Raw data:
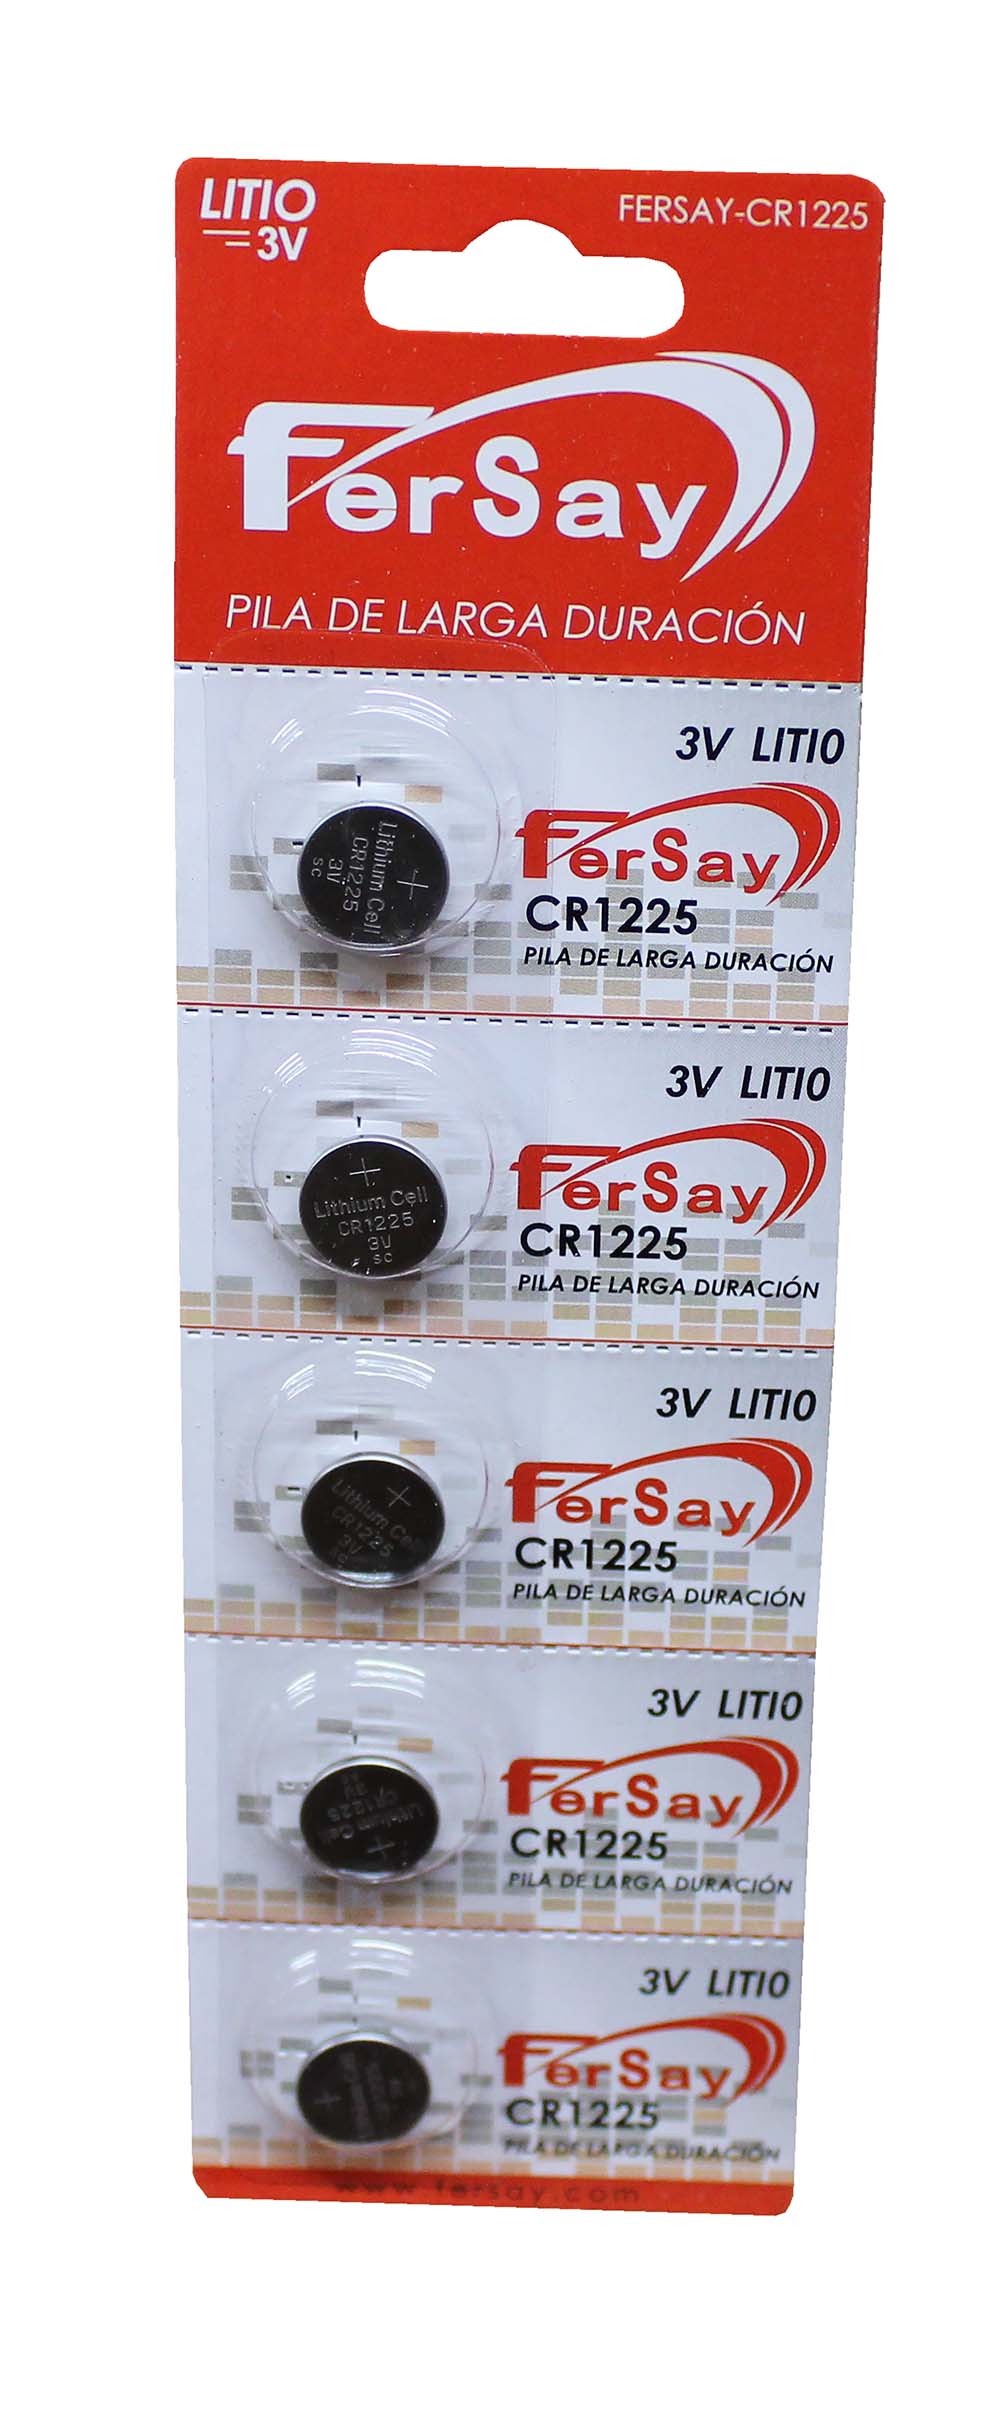 Pila tipo botón formato CR1225 Fersay. - FERSAYCR1225 - FERSAY
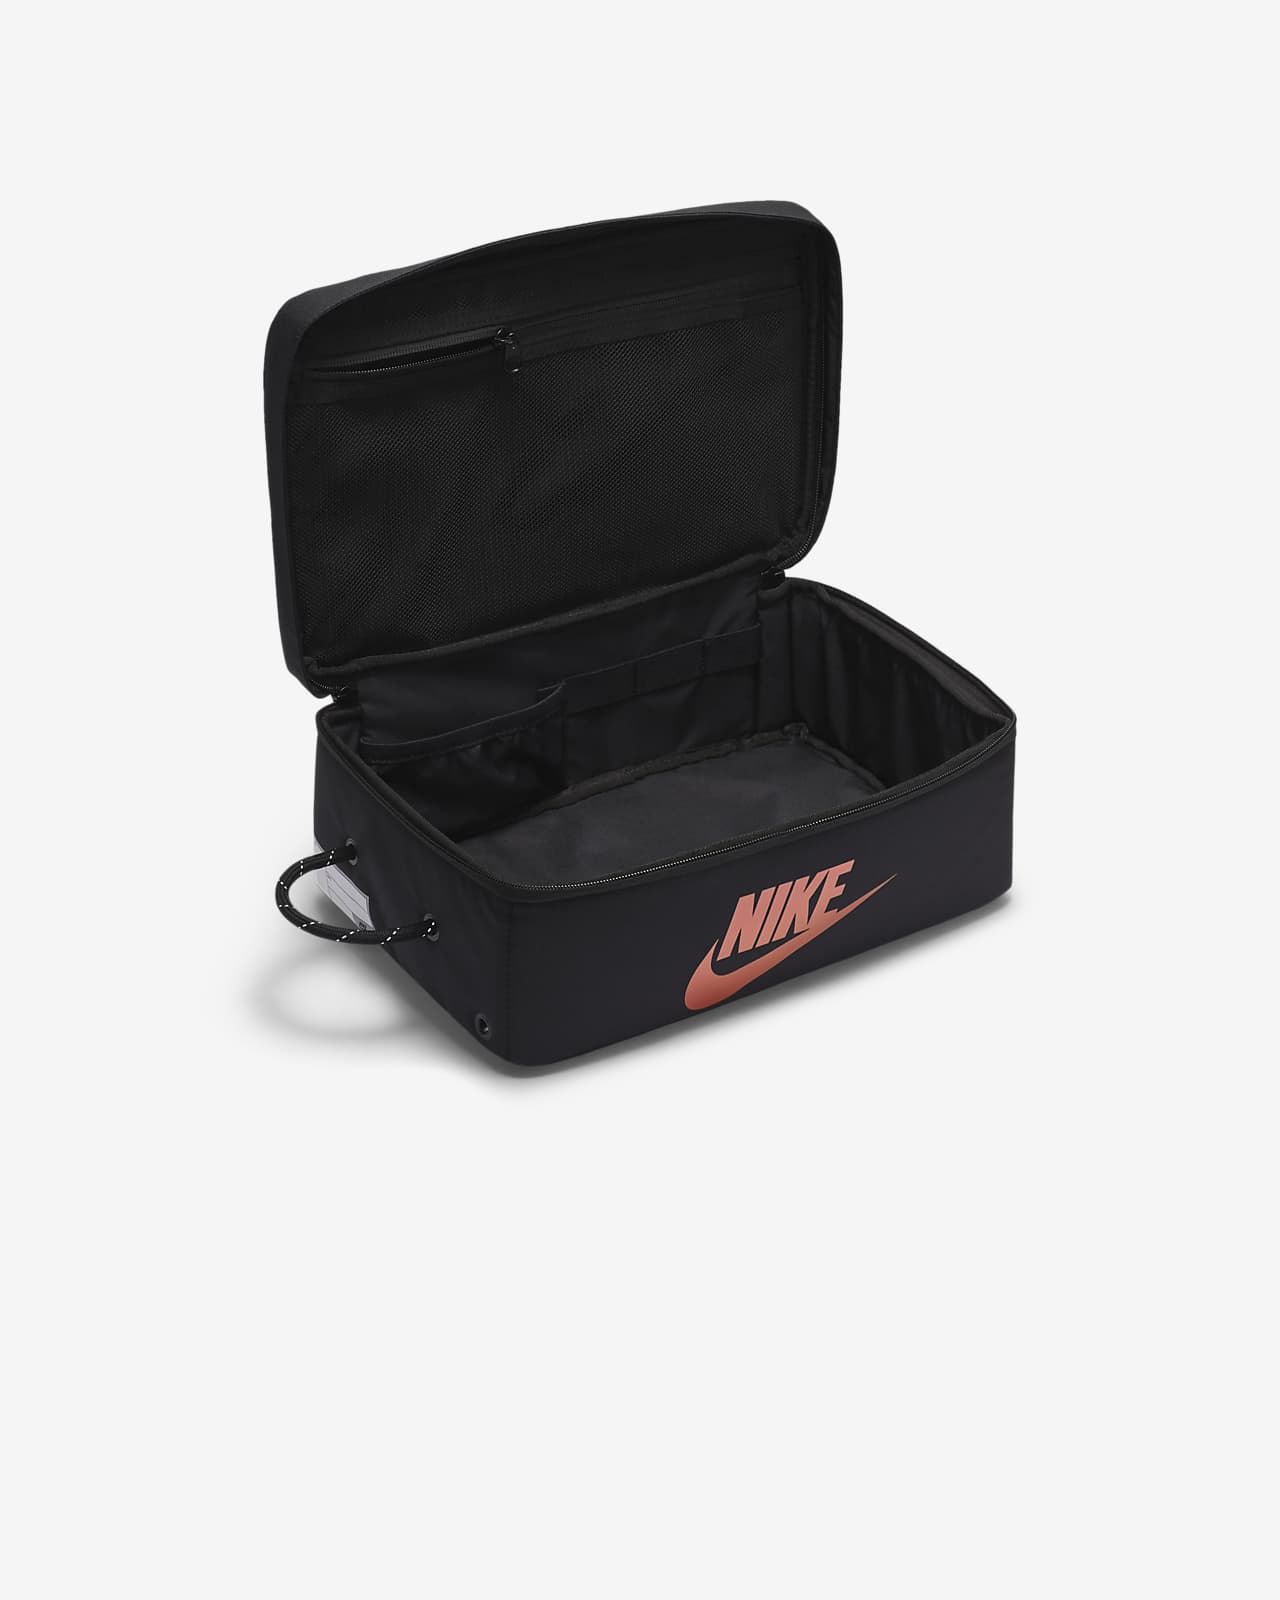 Nike Shoe Box Bag 12L Sail / Brown - DA7337-133 | Sneaker District
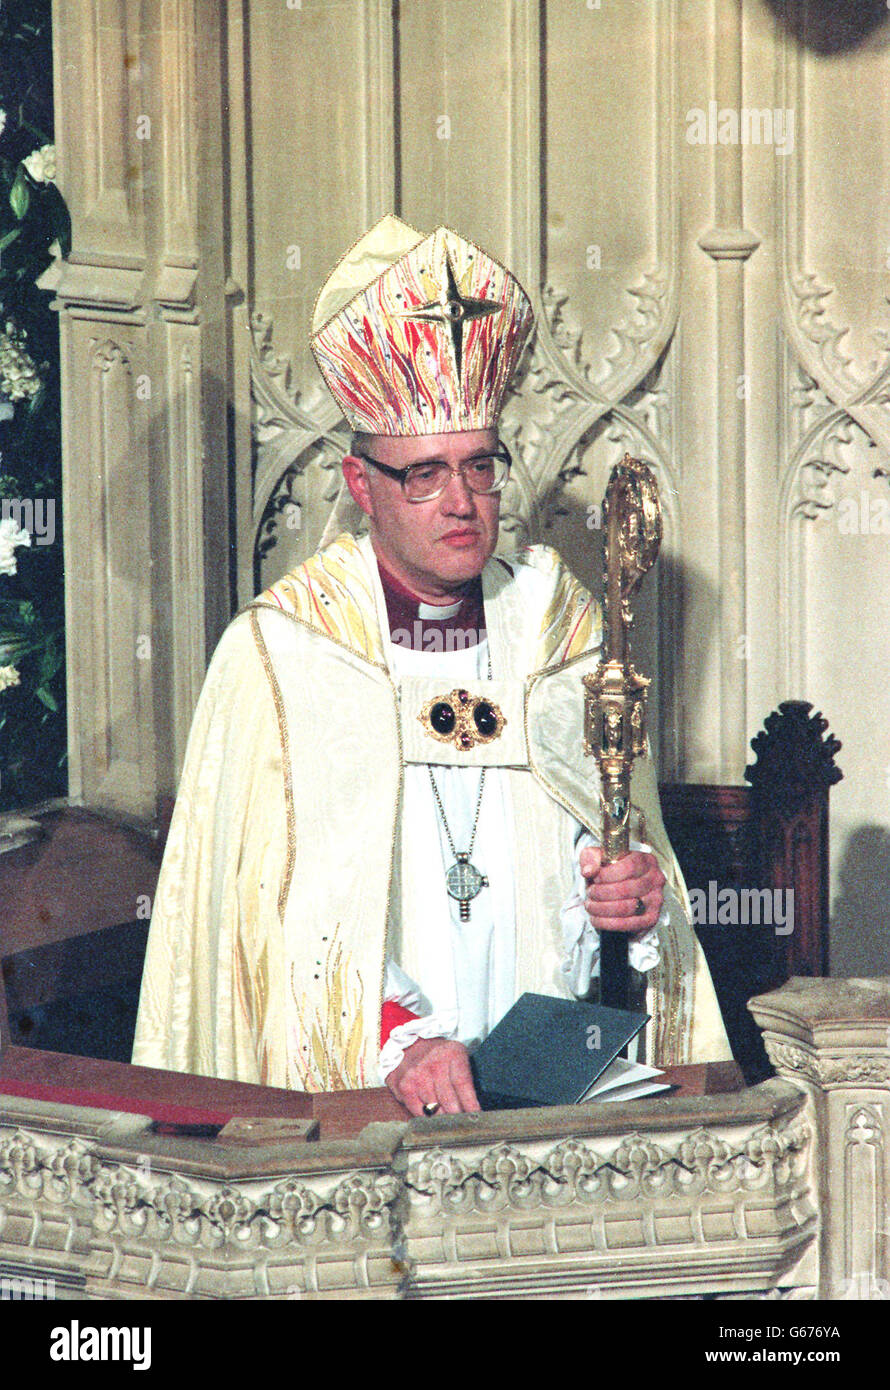 L'arcivescovo di Cantebury, il dottor George Carey, è installato nel trono nella cattedrale di Cantebury durante il servizio di intronizzazione. IC Foto Stock

Task directions: Keep the pictures out while you retype all of the data above exactly as it appears.

Written response:
 Pila tipo botón formato CR1225 Fersay. - FERSAYCR1225 - FERSAY
 Nike Shoe Box Bag 12L Sail / Brown - DA7337-133 | Sneaker District
 L'arcivescovo di Cantebury, il dottor George Carey, è installato nel trono nella cattedrale di Cantebury durante il servizio di intronizzazione. IC Foto Stock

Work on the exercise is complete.